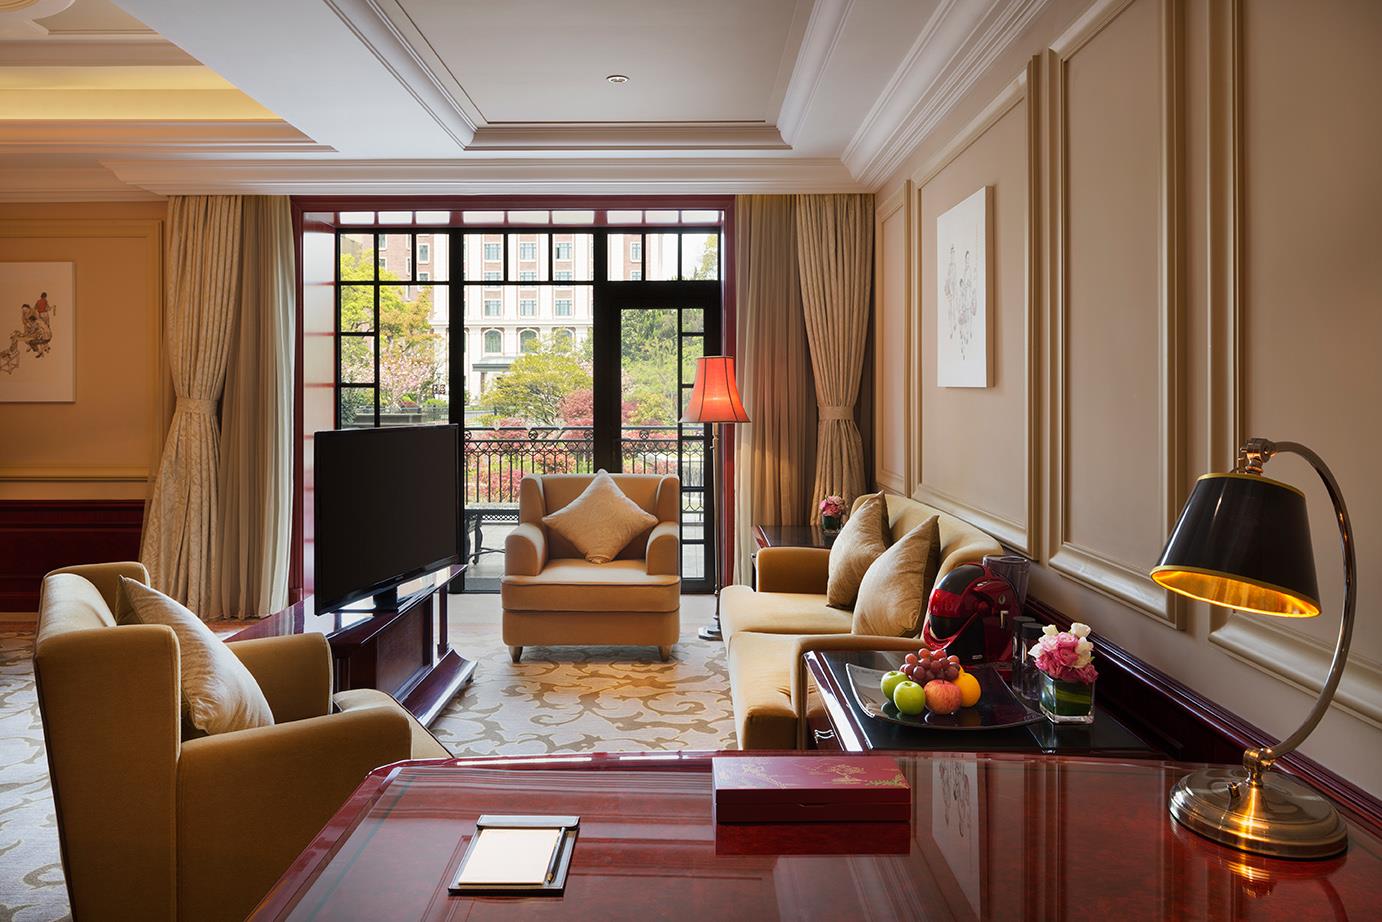 上海瑞金洲际酒店 (上海市) - InterContinental Shanghai Ruijin - 酒店预订 /预定 - 3062条旅客 ...
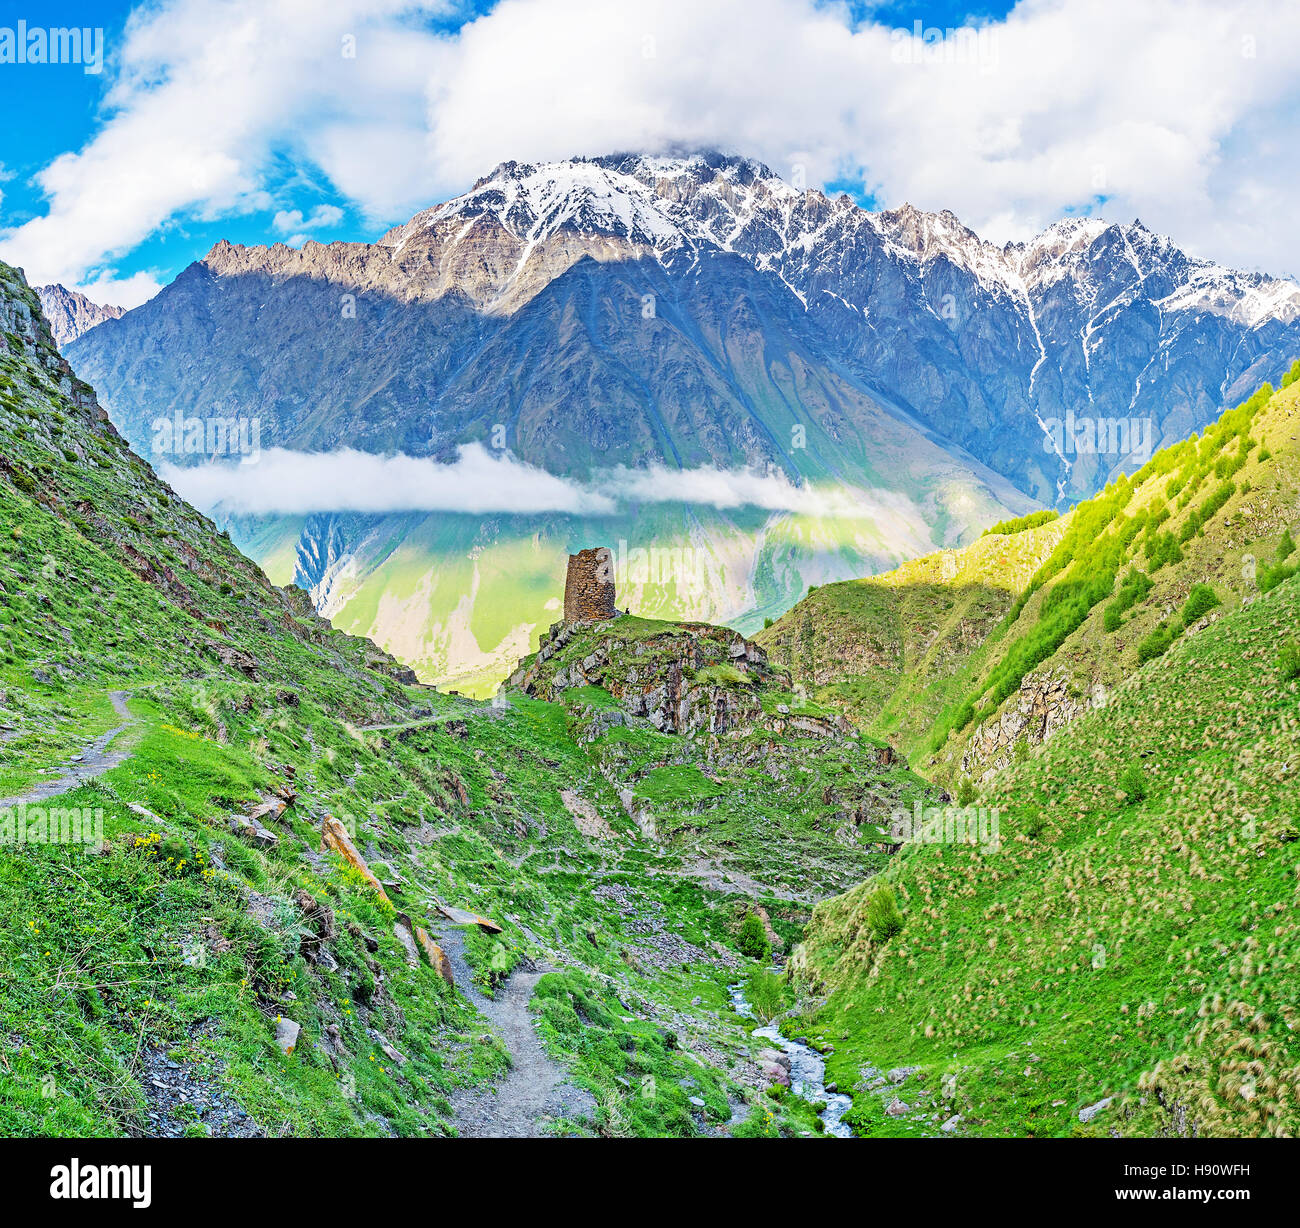 La tour en ruine parmi les gigantesques montagnes du Grand Caucase, situé entre et Gergeti Stepantsminda, Kazbegi, Géorgie. Banque D'Images
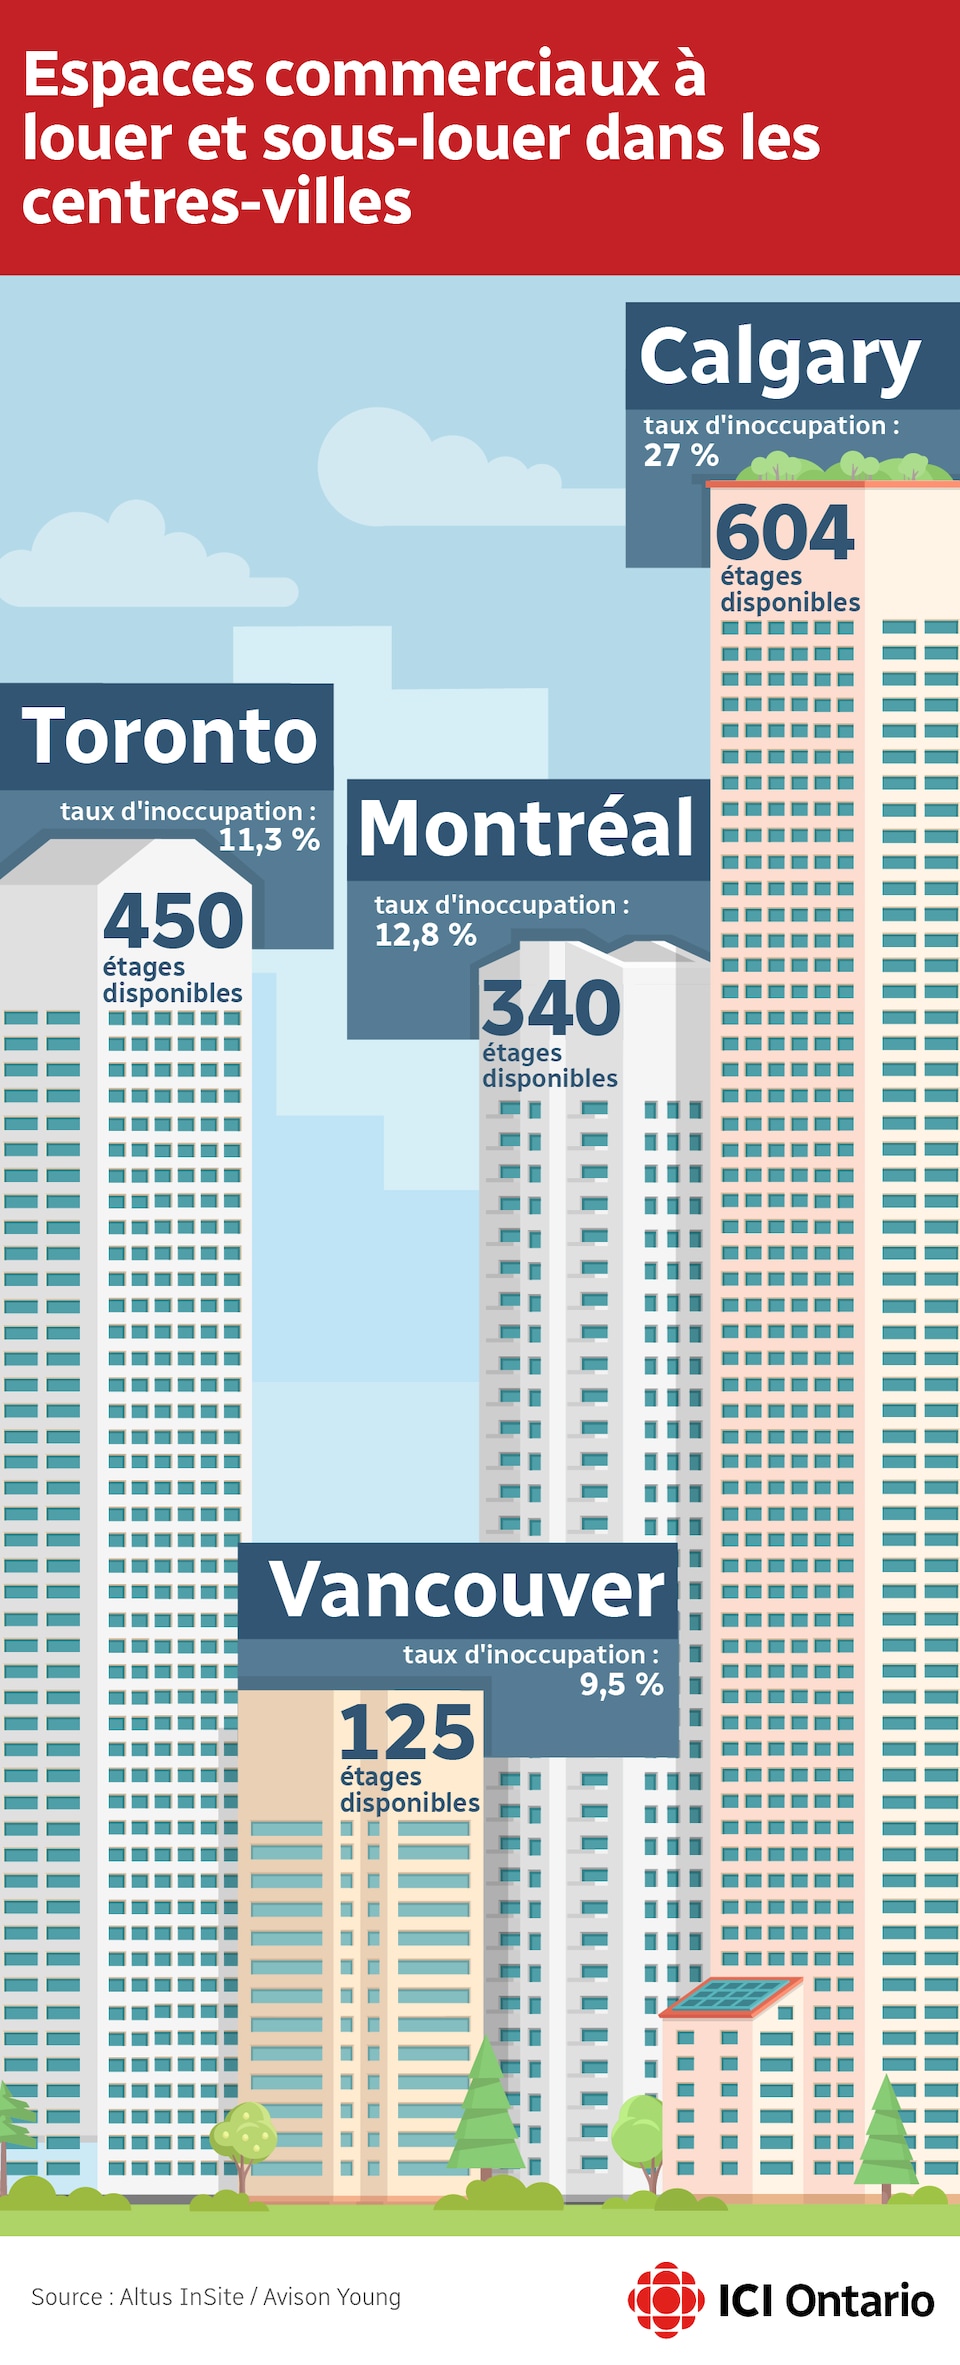 L'infographie indique le nombre d'étages disponibles dans chaque ville : Toronto - 450, Vancouver - 125, Montréal - 340 et Calgary - 604.

REQUIRED WORK:
Your copy should begin at the line containing "La tour en ruine" and end at the last line of the data above, matching each line exactly and holding no pictures.

ANSWER TO THIS TASK:
 La tour en ruine parmi les gigantesques montagnes du Grand Caucase, situé entre et Gergeti Stepantsminda, Kazbegi, Géorgie. Banque D'Images
 L'infographie indique le nombre d'étages disponibles dans chaque ville : Toronto - 450, Vancouver - 125, Montréal - 340 et Calgary - 604.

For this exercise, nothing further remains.